** Task description **
Print the lines below from the line with "Shiny new car" to the line with "4) Apple Pie" exactly, keeping both ends, and print no pictures.

** Dataset entries **
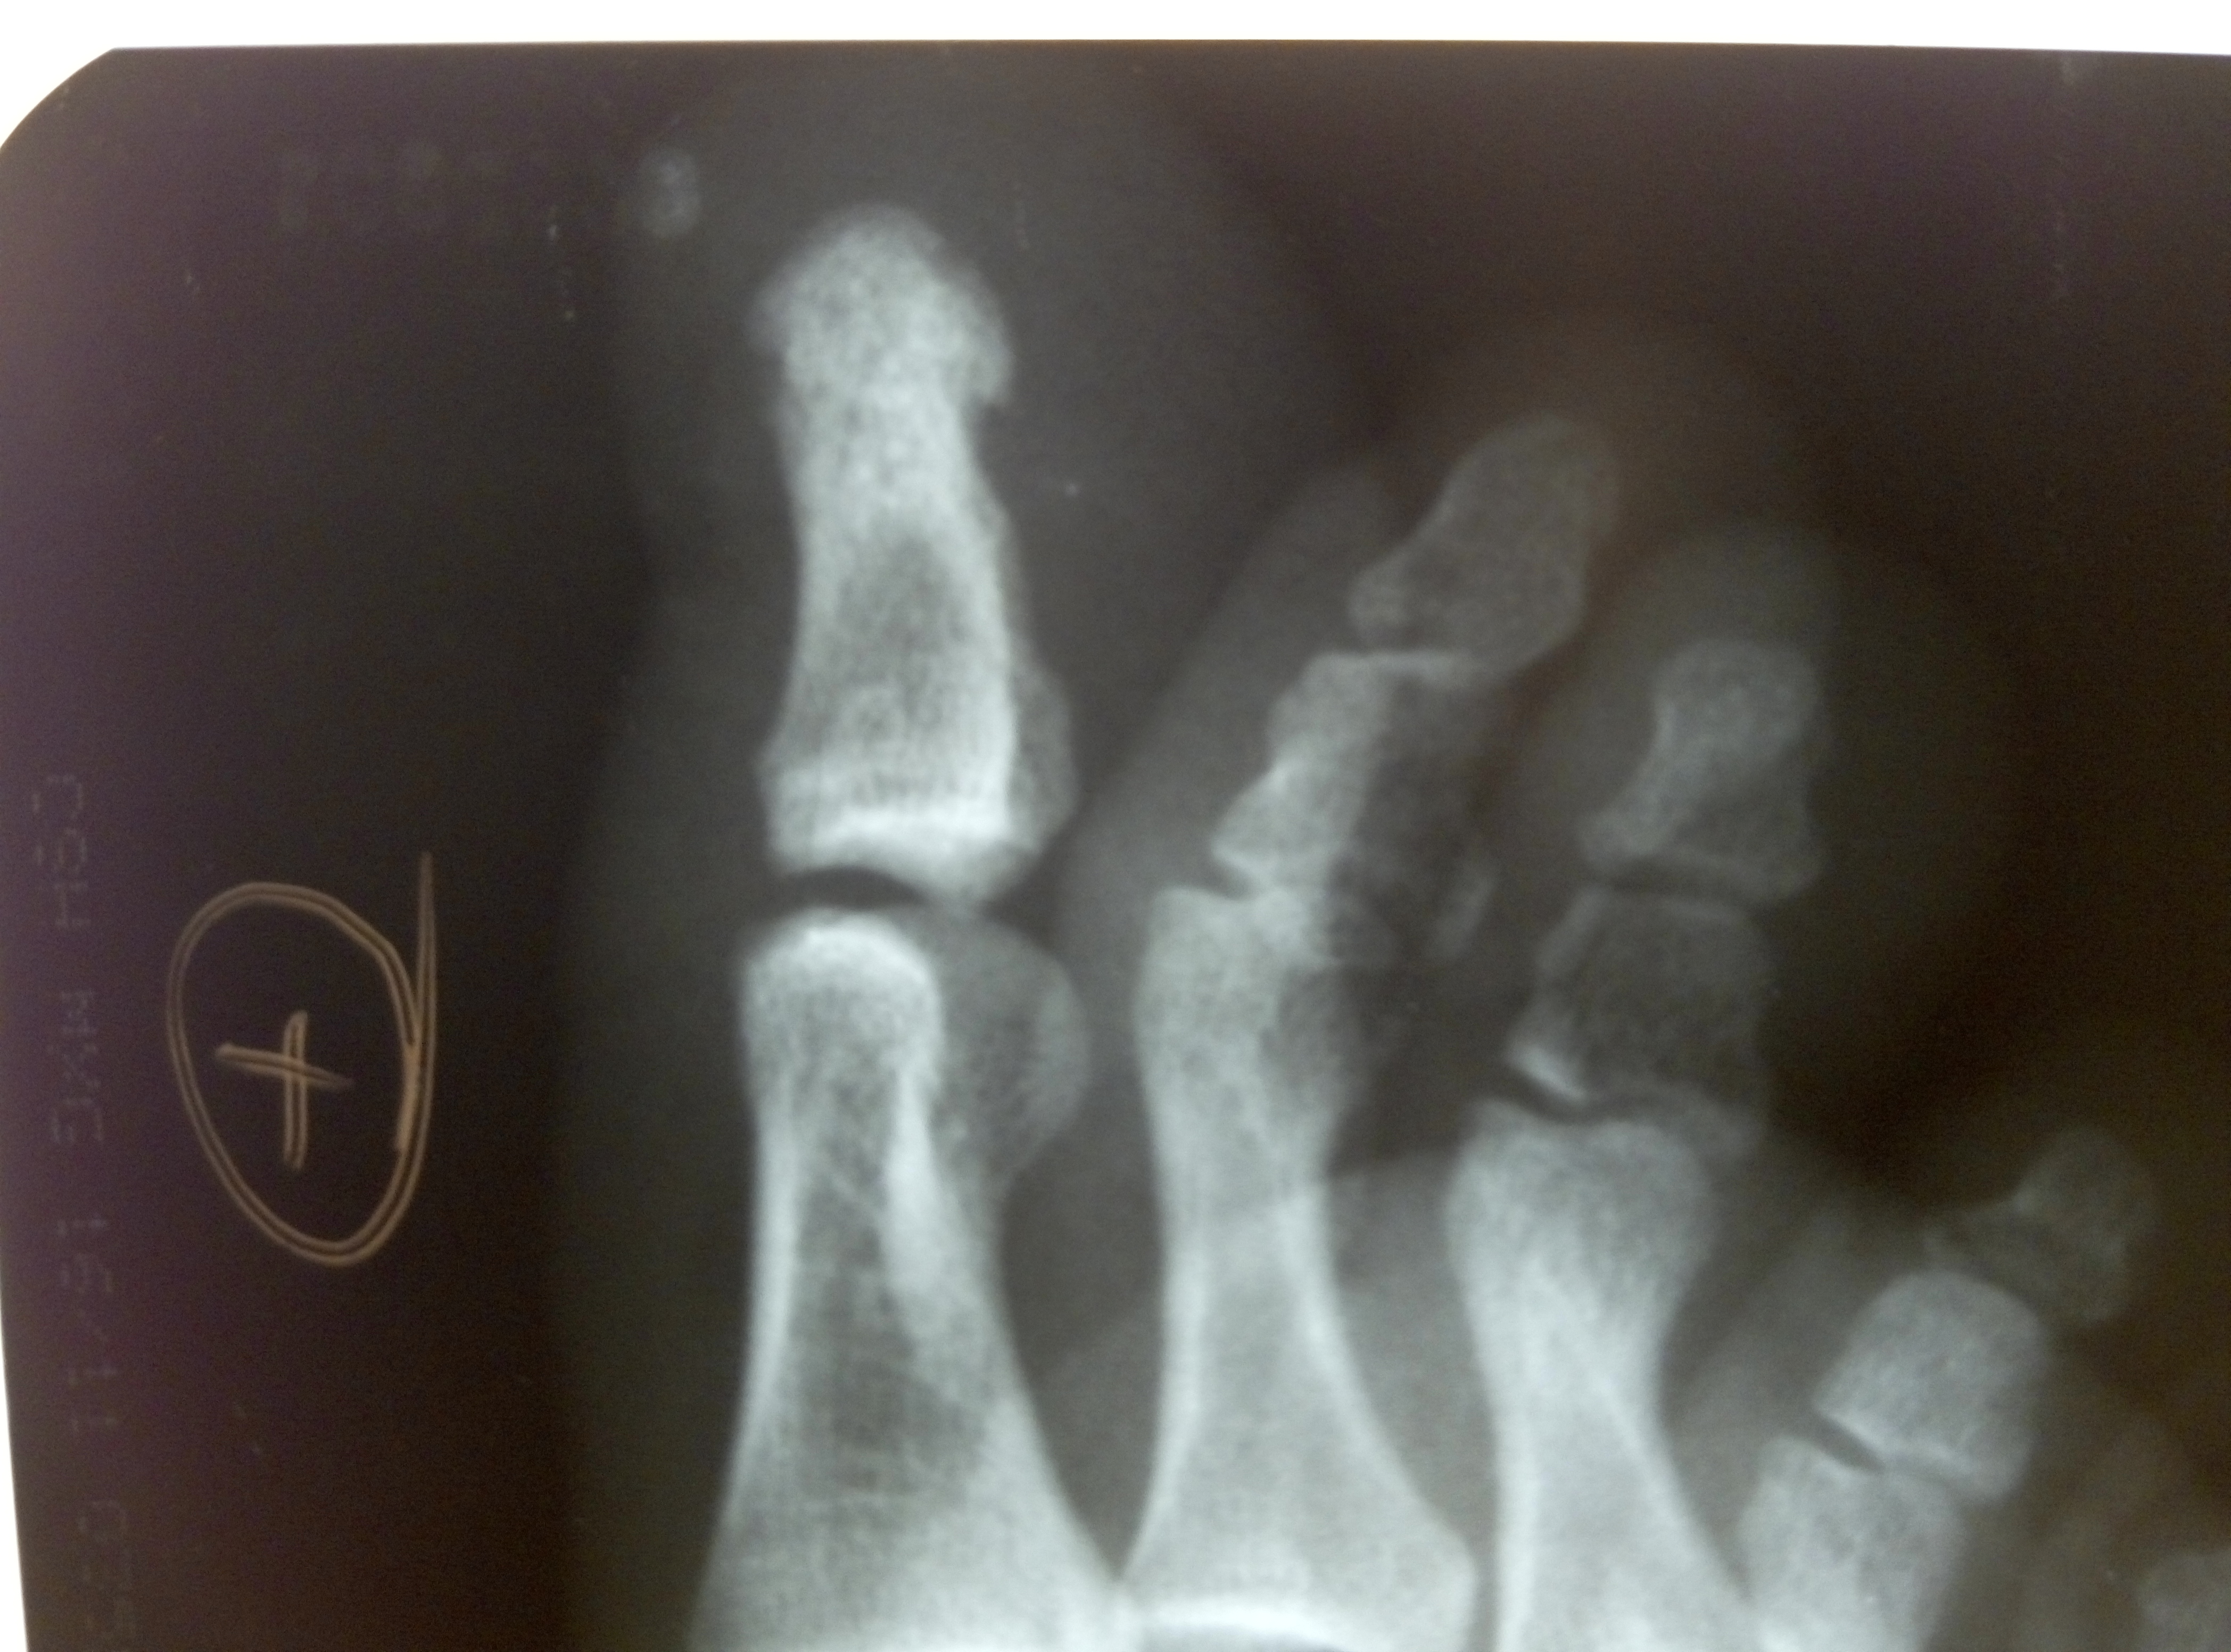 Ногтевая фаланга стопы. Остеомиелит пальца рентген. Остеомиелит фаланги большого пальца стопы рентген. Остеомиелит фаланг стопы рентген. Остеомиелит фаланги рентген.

* * *

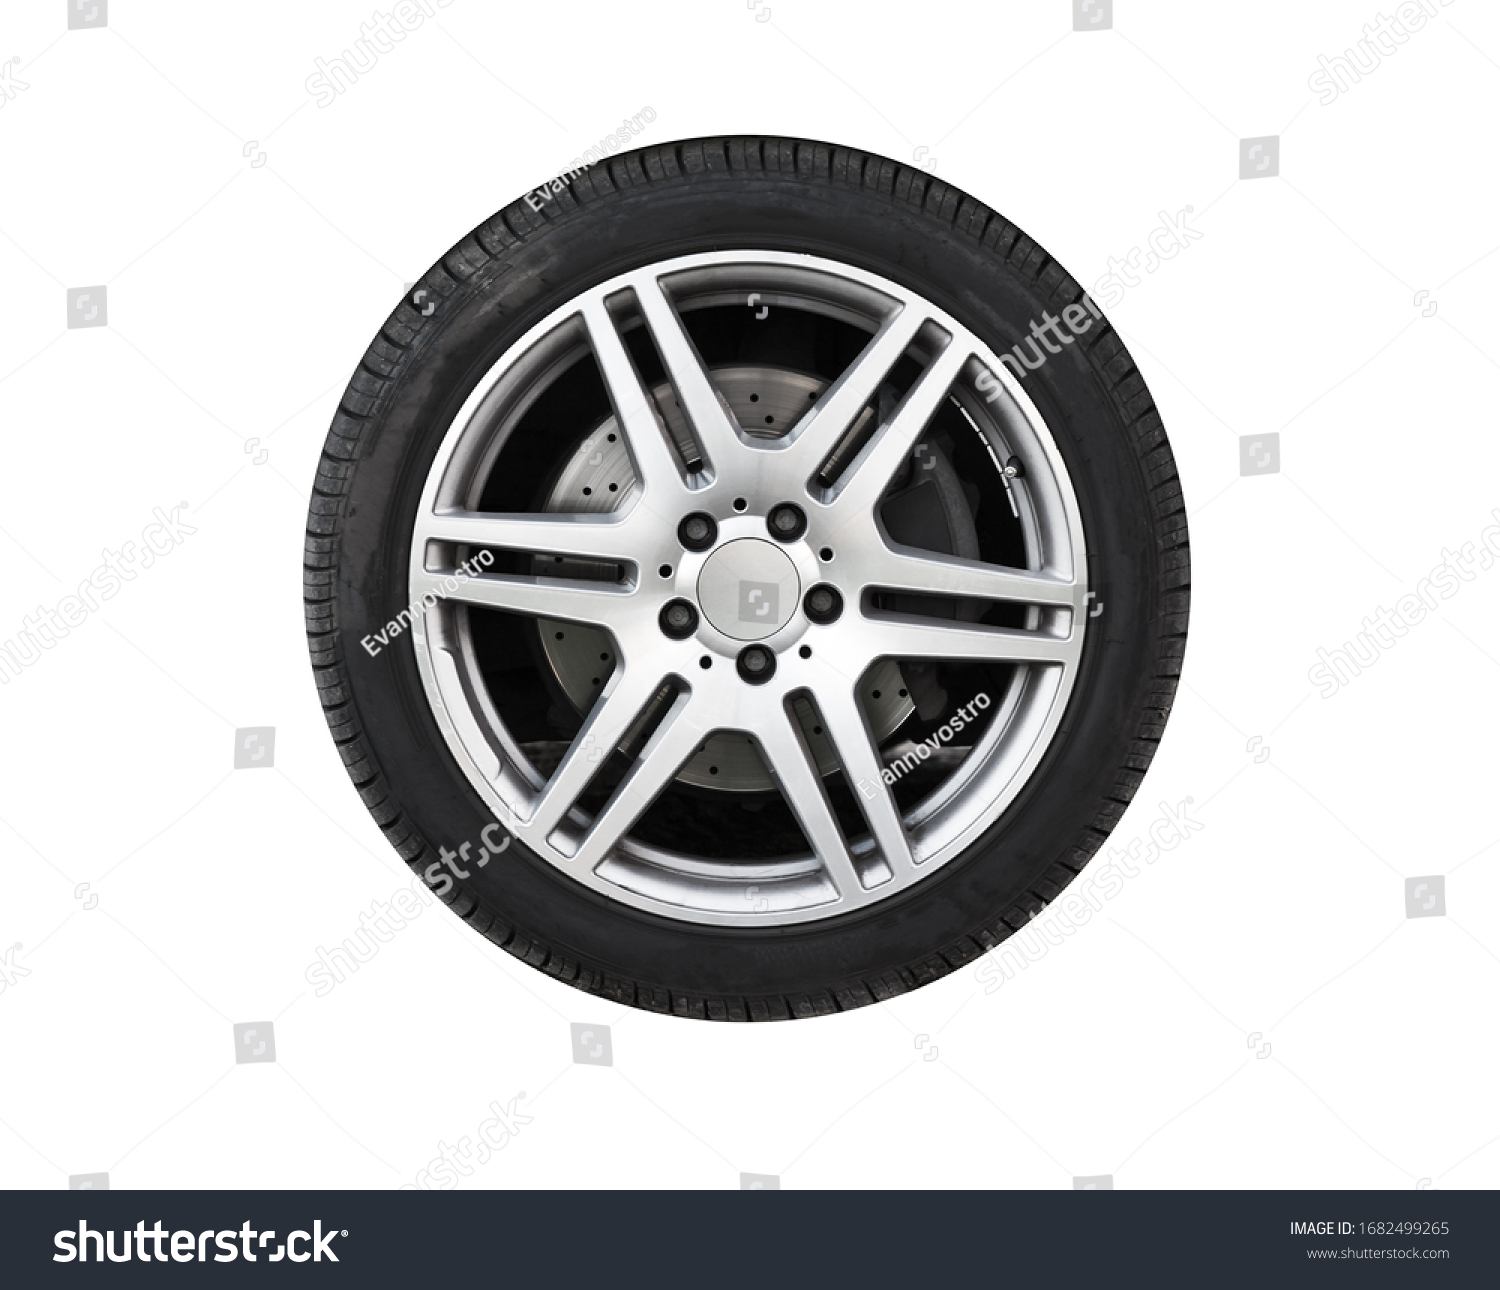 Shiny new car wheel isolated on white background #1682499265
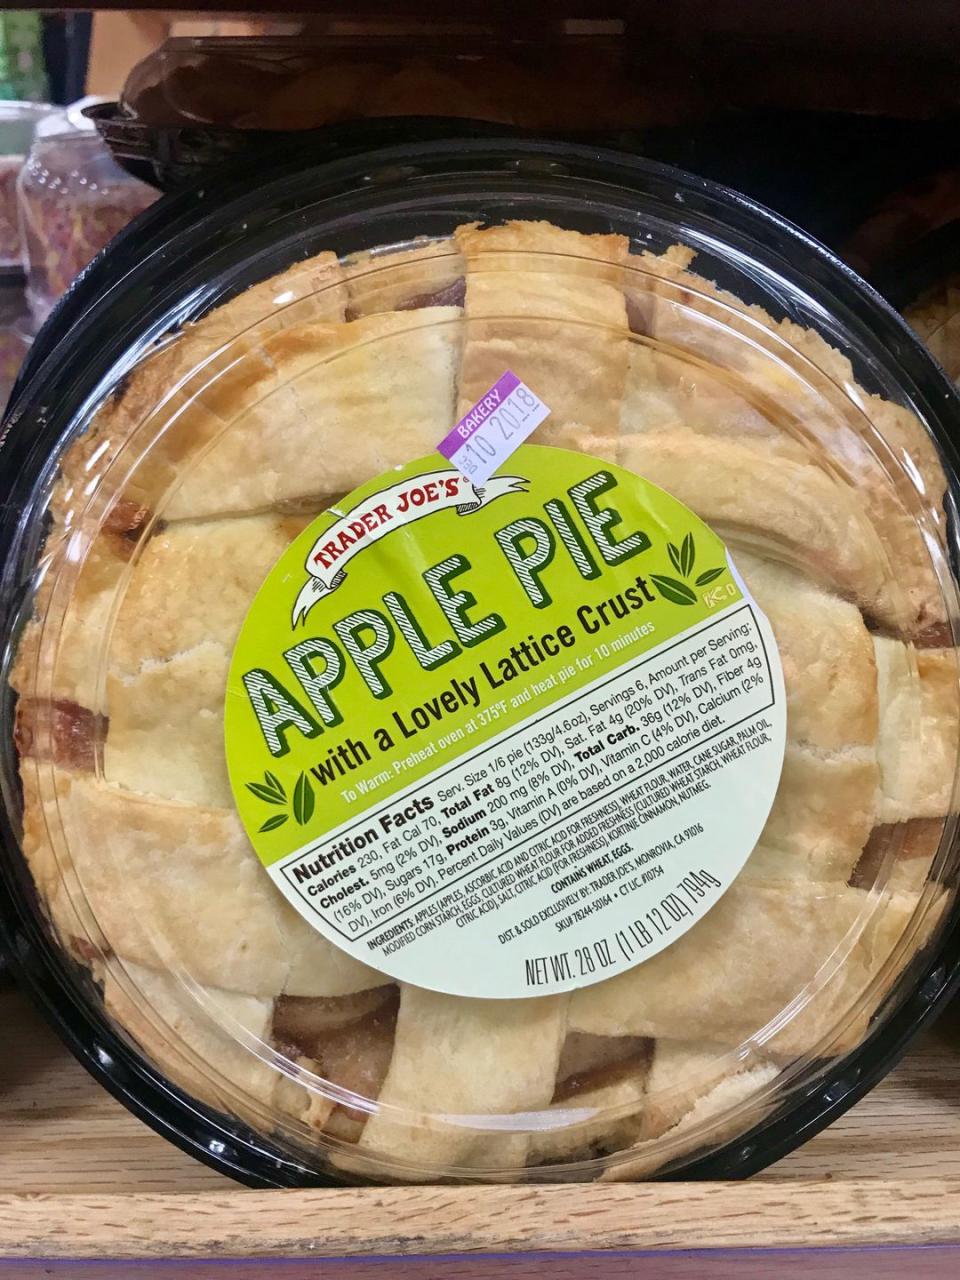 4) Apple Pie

==

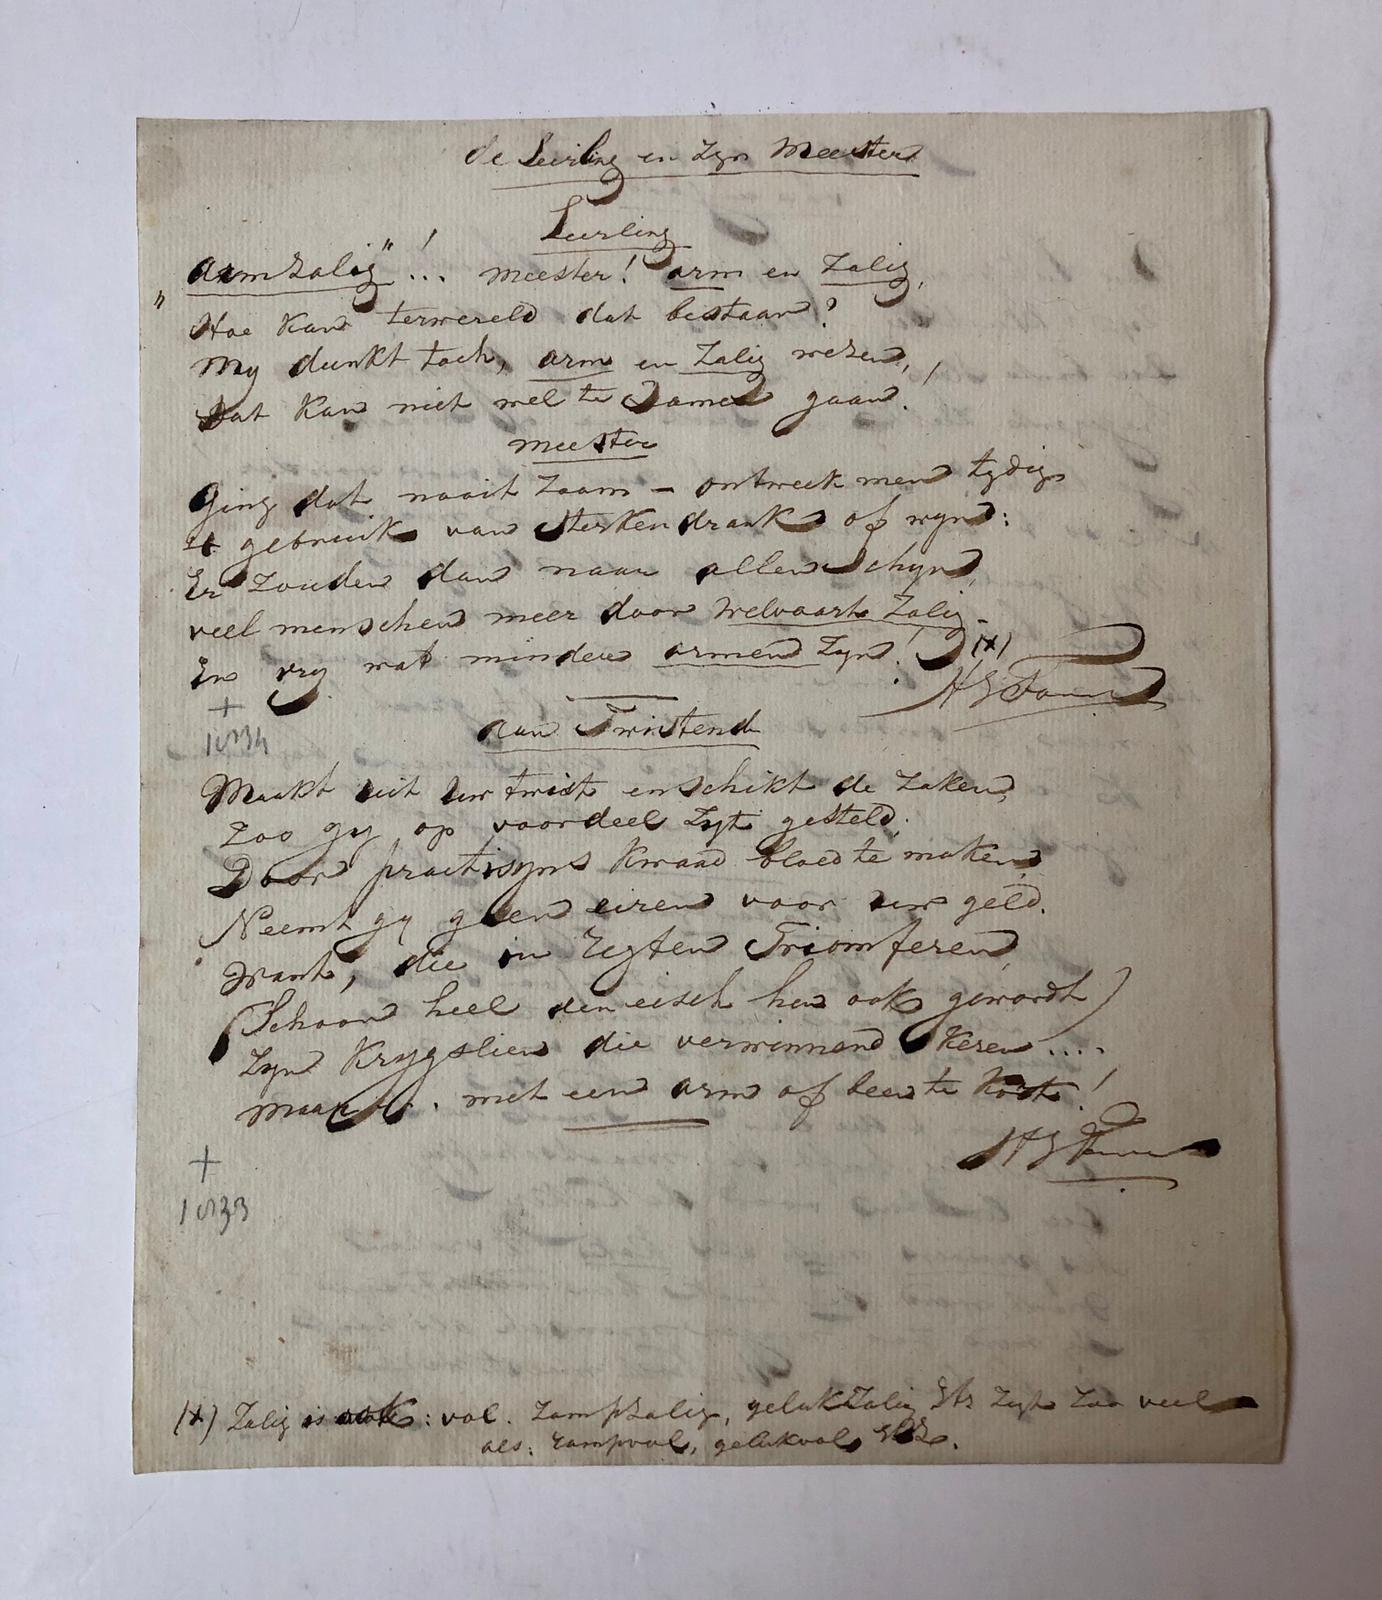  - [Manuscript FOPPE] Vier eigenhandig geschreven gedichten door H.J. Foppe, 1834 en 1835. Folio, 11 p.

** Reply **
 Shiny new car wheel isolated on white background #1682499265
 4) Apple Pie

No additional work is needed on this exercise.